# Dataset excerpt:
----------
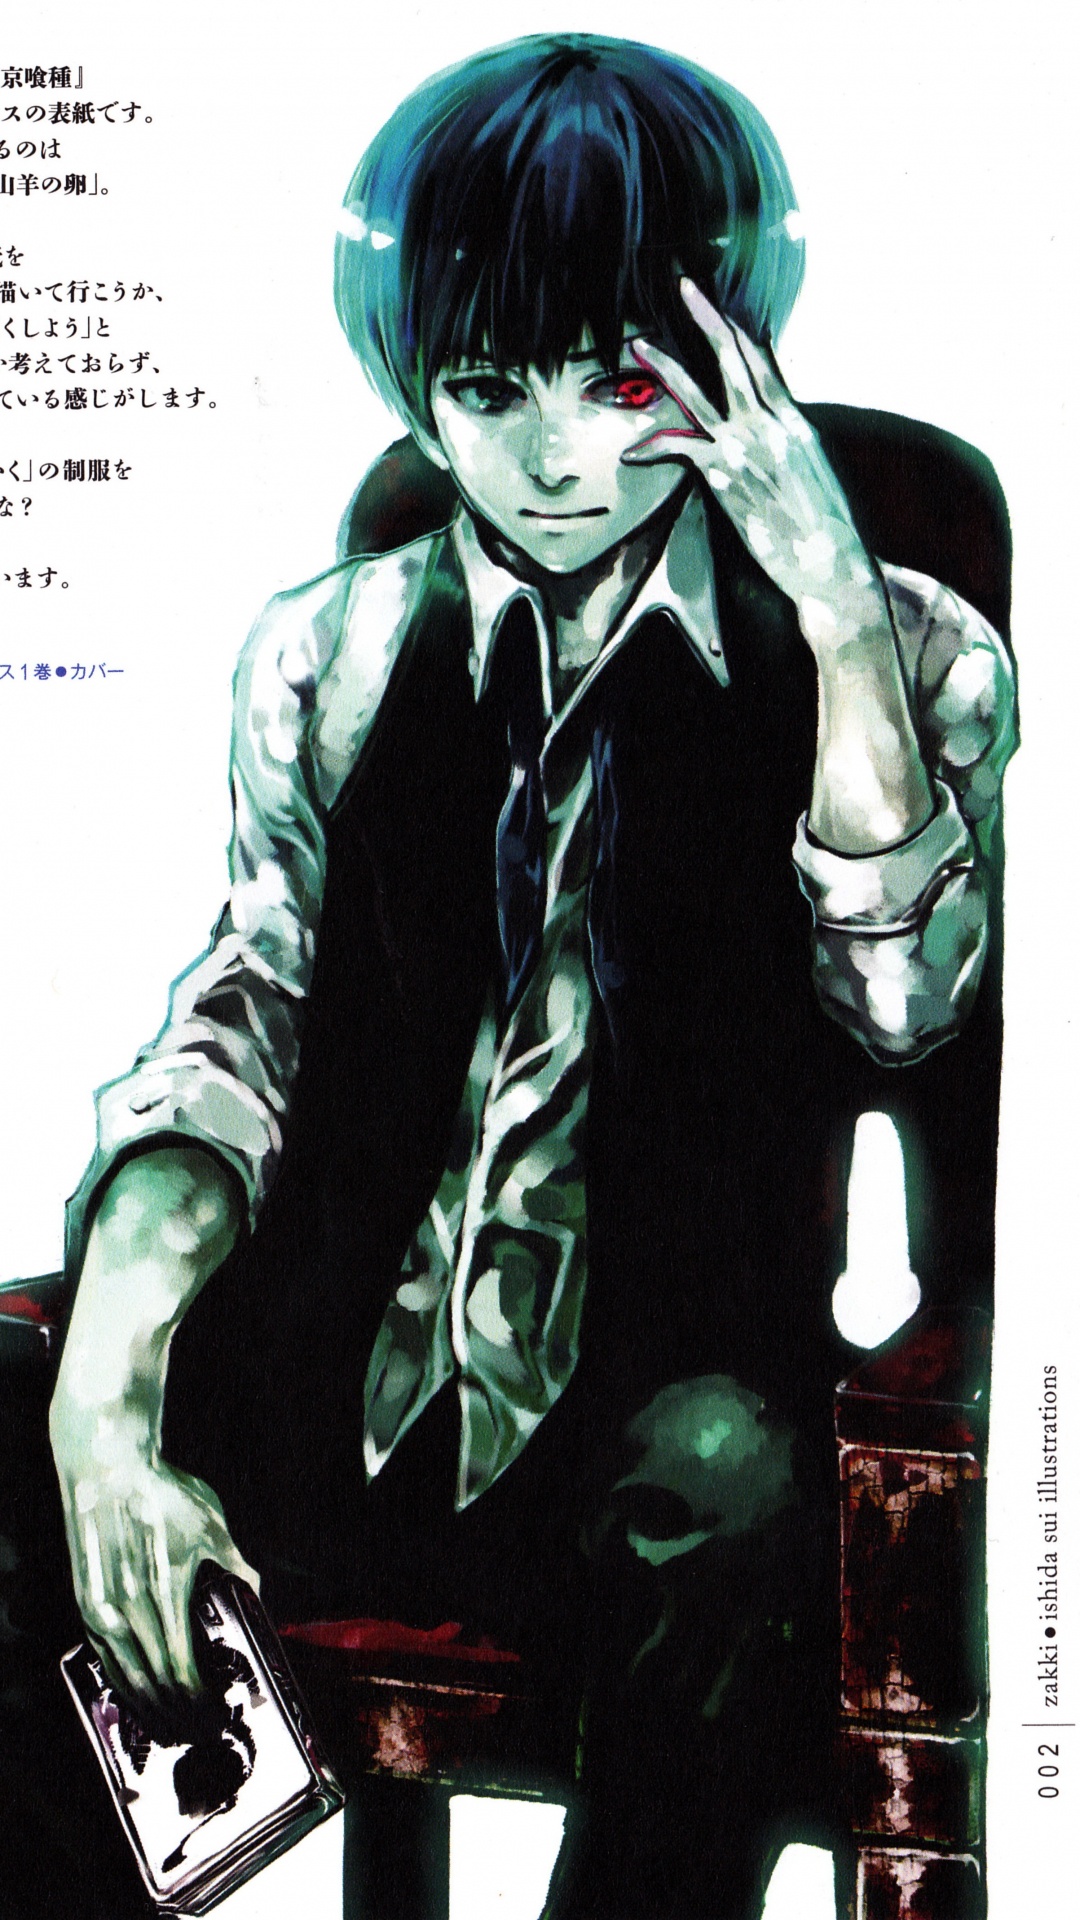 肯kaneki, 东京食尸鬼, 食尸鬼, Zakki, 虚构的人物 壁纸 1080x1920 允许
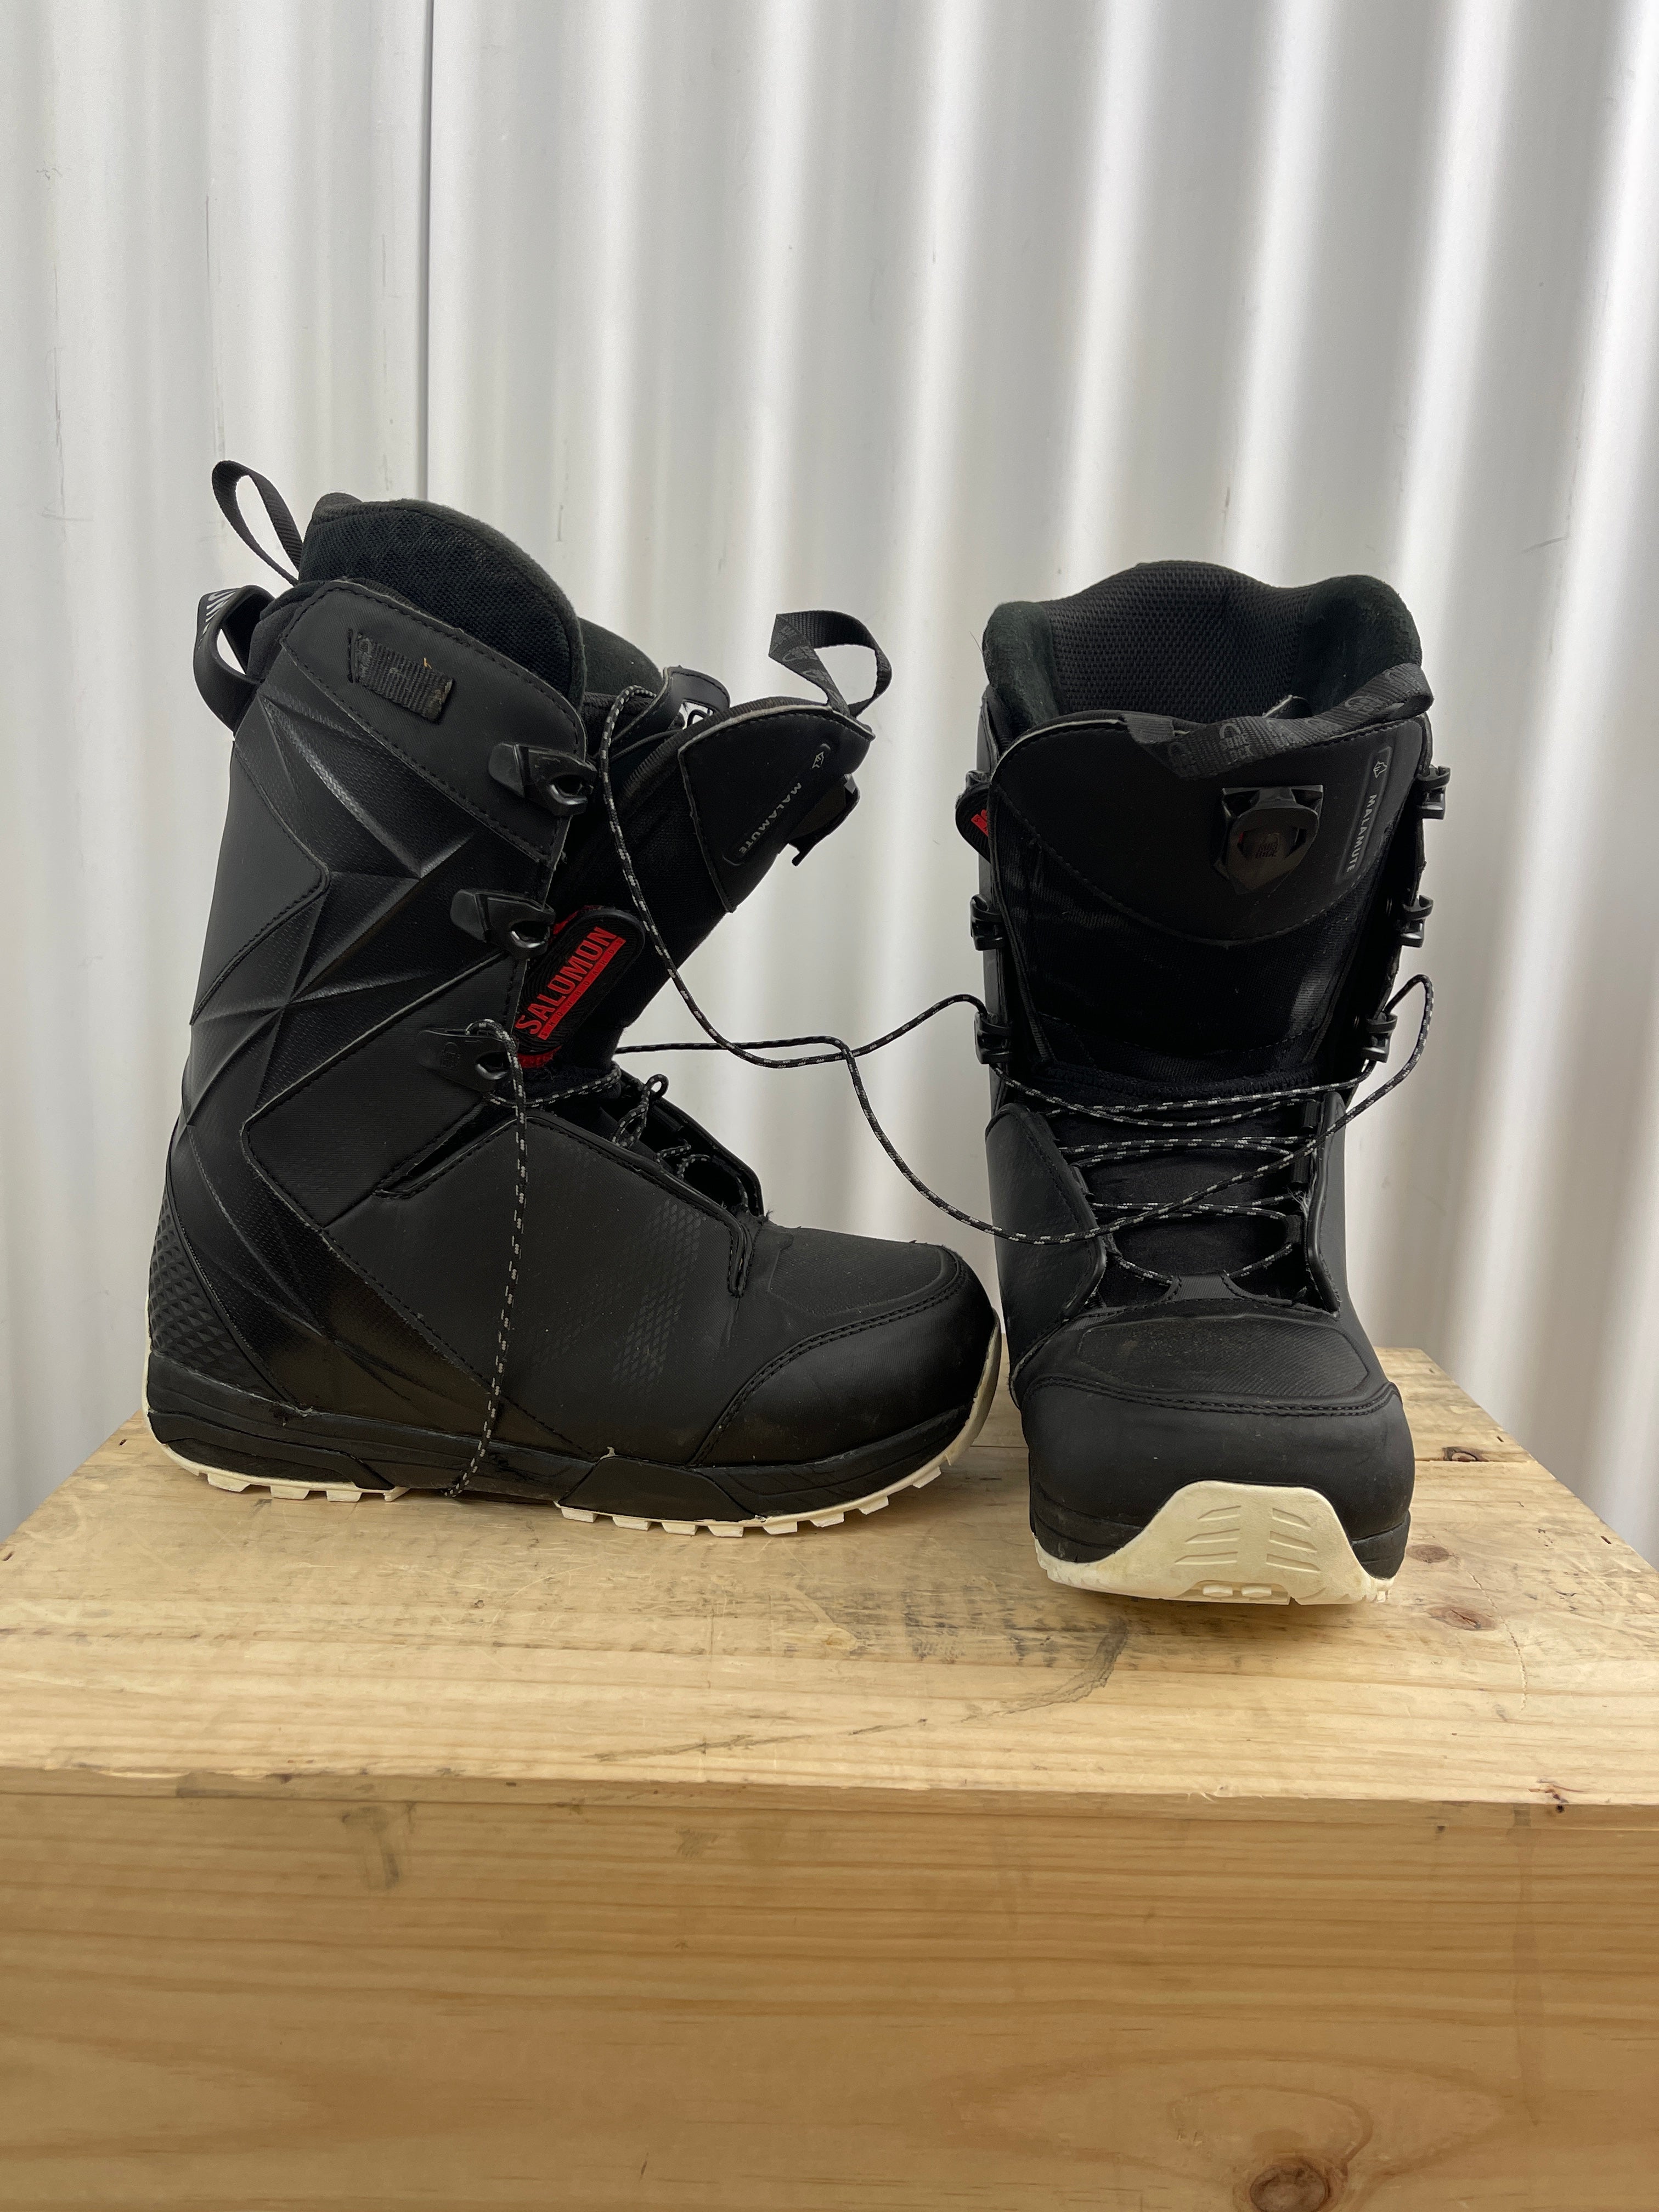 Salomon Malamute snowboard boots – The Locals Sale
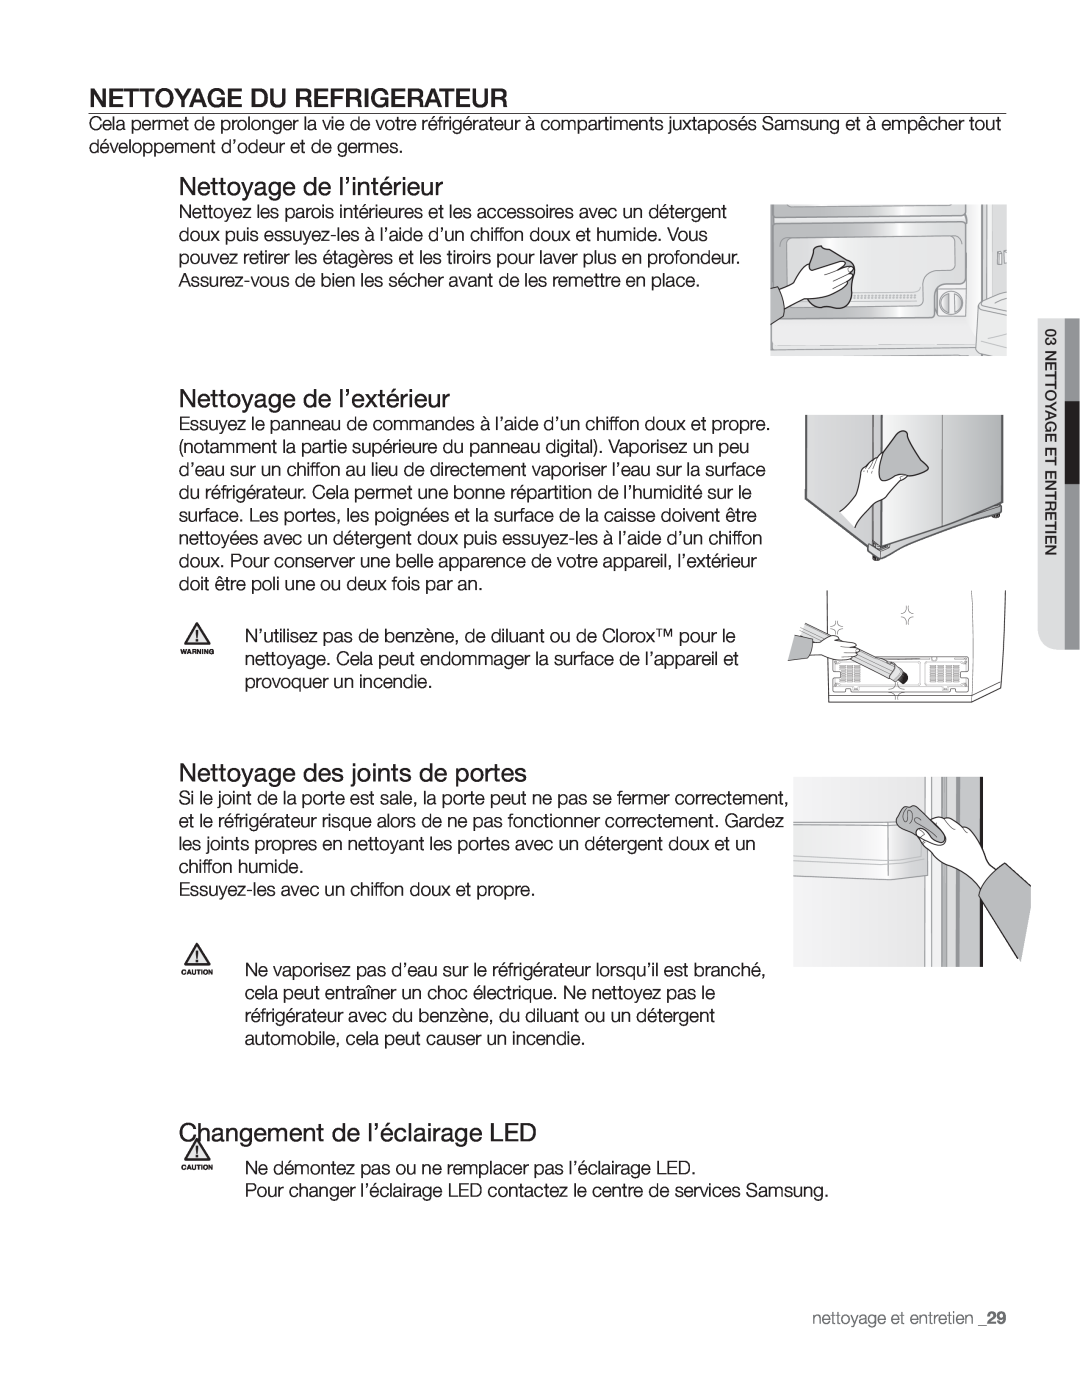 Samsung DA68-01890Q user manual Nettoyage Du Refrigerateur, Nettoyage de l’intérieur, Nettoyage de l’extérieur
----------
# Prompt:
Repeat the listing in full and exactly. Leave any pictures out.

# Result:
 肯kaneki, 东京食尸鬼, 食尸鬼, Zakki, 虚构的人物 壁纸 1080x1920 允许
 Salomon Malamute snowboard boots – The Locals Sale
 Samsung DA68-01890Q user manual Nettoyage Du Refrigerateur, Nettoyage de l’intérieur, Nettoyage de l’extérieur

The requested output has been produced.